The problem for the Hospital Trust is that Paul often refuses haemodialysis – a treatment that he needs three times a week (taking 4 or 5 hours each time) to maintain his kidney function. Without it, he will die.  He’s had 13 admissions to critical care due to his refusal to accept dialysis.  When he’s refused, doctors have resorted to force. Counsel for the hospital trust (John McKendrick QC) says that “the levels of force involved have placed highly experienced clinicians at the boundaries of what they consider to be acceptable practice.”  When efforts at persuasion fail, Paul is forcibly held down, sedated, intubated, and given a general anaesthetic so that he can be provided with dialysis. 

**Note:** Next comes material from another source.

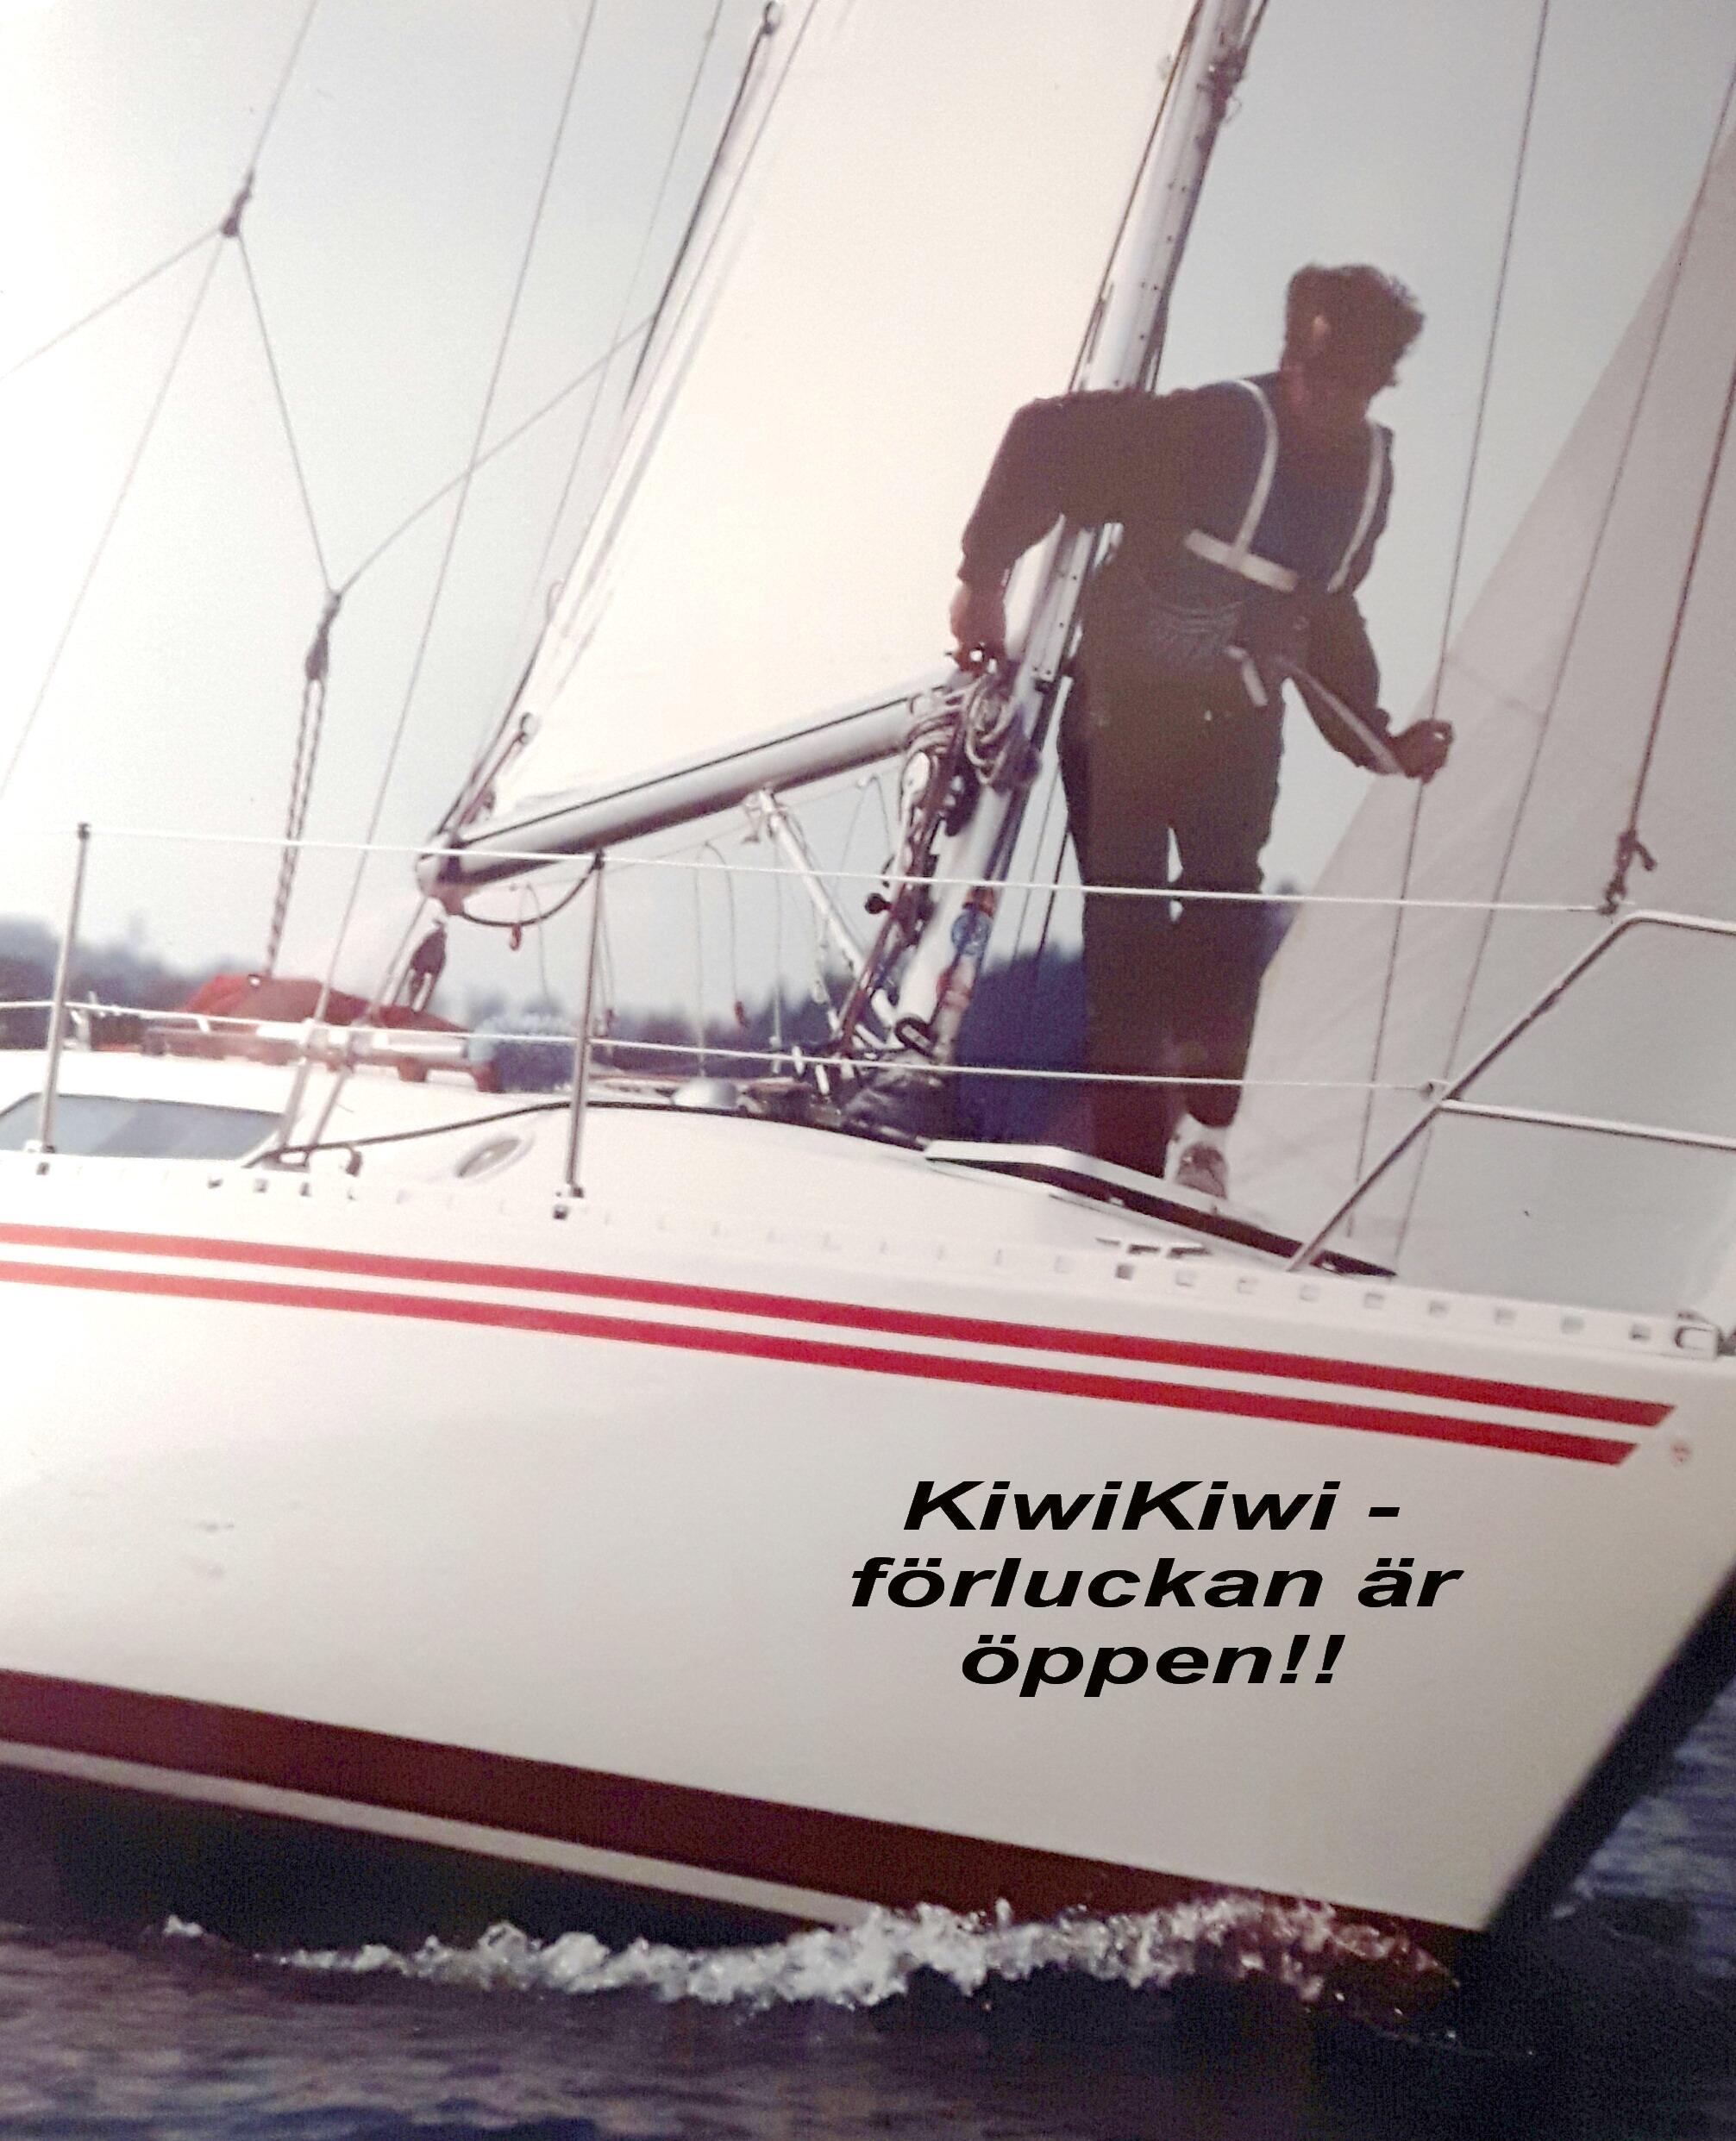 KiwiKiwi - förluckan är öppen - med text
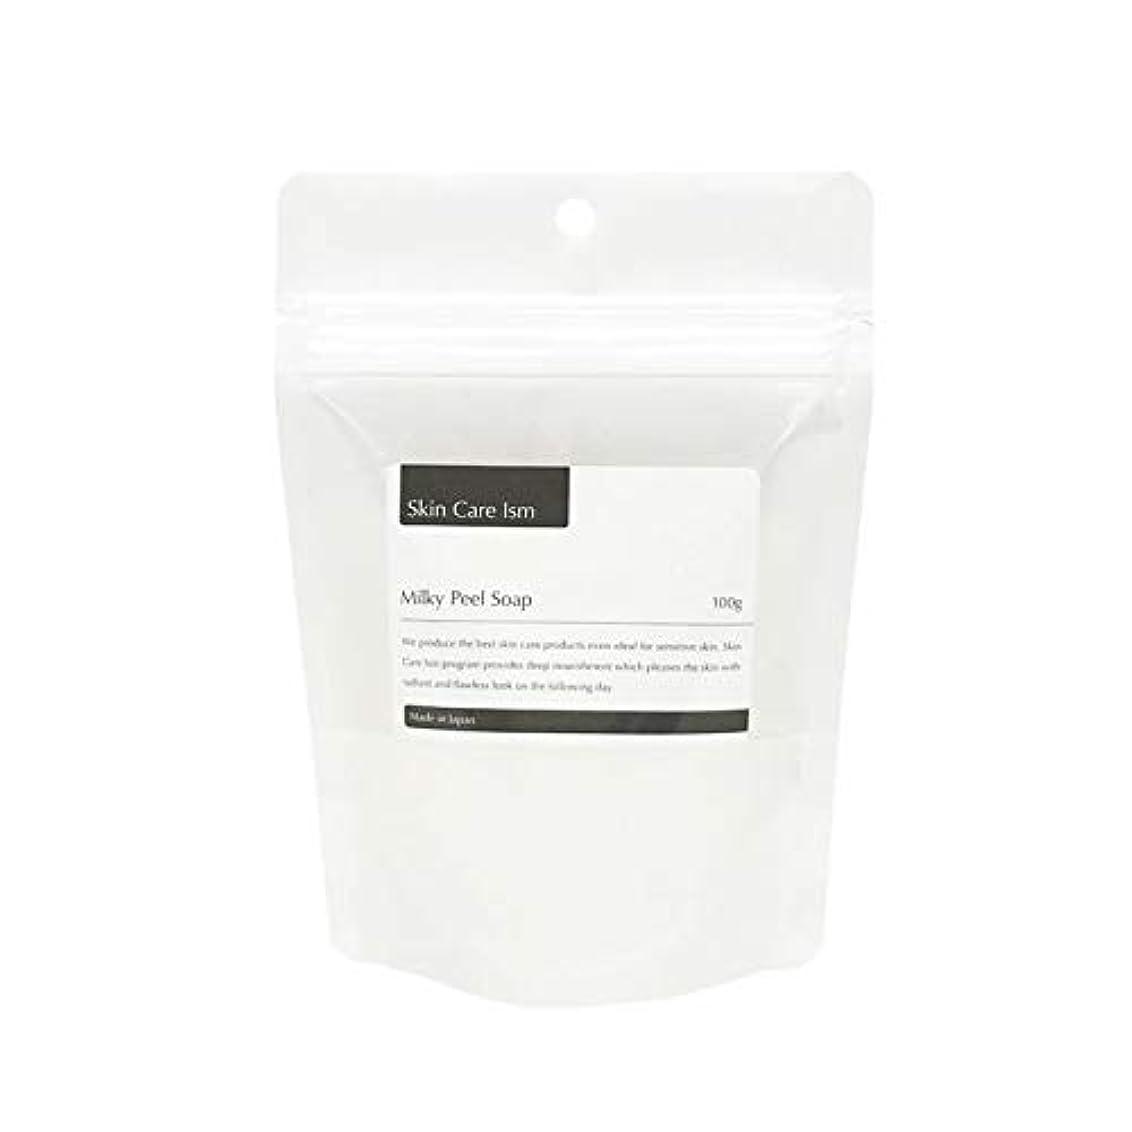 締め切りの中で推進、動かす【Skin Care Ism / Milky Peel Soap】スキンケアイズム?ミルキーピールソープ

Paul has been diagnosed as having an “emotionally unstable personality disorder” (also known as a “borderline” personality disorder) at the severe end of the spectrum.  In his case, this is characterised by suicidal ideation and auditory hallucinations.  He also has what the judge characterised as “an alarming, disturbing and very sad history of self-harming”.  The diagnosis qualifies as ”an  impairment of, or a disturbance in, the functioning of the mind or brain” under s. 2(1) of the  Mental Capacity Act 2005 and causes fluctuations in his capacity to consent to, or to refuse, dialysis. According to his legal representative,  “the ‘Well-Paul’ wants to live and is cooperative with his doctors” but when he is in mental health crisis, “the ‘Ill-Paul’ refuses treatment and says to the treating team that he wishes to disappear”. 

“The position of the Official Solicitor, informed by Paul himself, expressing his views when he has capacity, is that the person Paul becomes when in mental health crisis is one he doesn’t have control over.  He doesn’t want the decisions he makes when he lacks capacity to be respected.  He doesn’t want to die.” (Counsel for Paul)

A doctor gave evidence about what she’d experienced in providing treatment for Paul some months earlier:

“It needed four people to restrain him.  I explained to him that he didn’t have capacity to make the decision to refuse dialysis so we were going to give it in his best interests and we would sedate him to do that.  He curled up in a ball in the top corner of the bed and pulled the sheet over his head.  Two psychiatric nurses and two security guards held a limb each so that he couldn’t kick out.  I got an injection into his upper arm and a cannular into his hand.  He was shouting through most of it, ‘Leave me alone – I want to die.’” 

In response to the judge’s (Mr Justice Hayden’s) observation that “it must have been hugely distressing for everyone involved,” the doctor replied simply: “It was awful.  Everyone on the ward was very distressed”.  The judge asked, “If you hadn’t done that, what would have happened?”  “I can’t remember what his potassium levels were,” the doctor said, “but if we hadn’t done that, he would have had a cardiac arrest.  Without dialysis, Paul will die.”  Not only does Paul refuse dialysis: on some occasions he even deliberately consumes high-potassium foods (bananas and coffee) with the intention of raising his potassium levels to cause death.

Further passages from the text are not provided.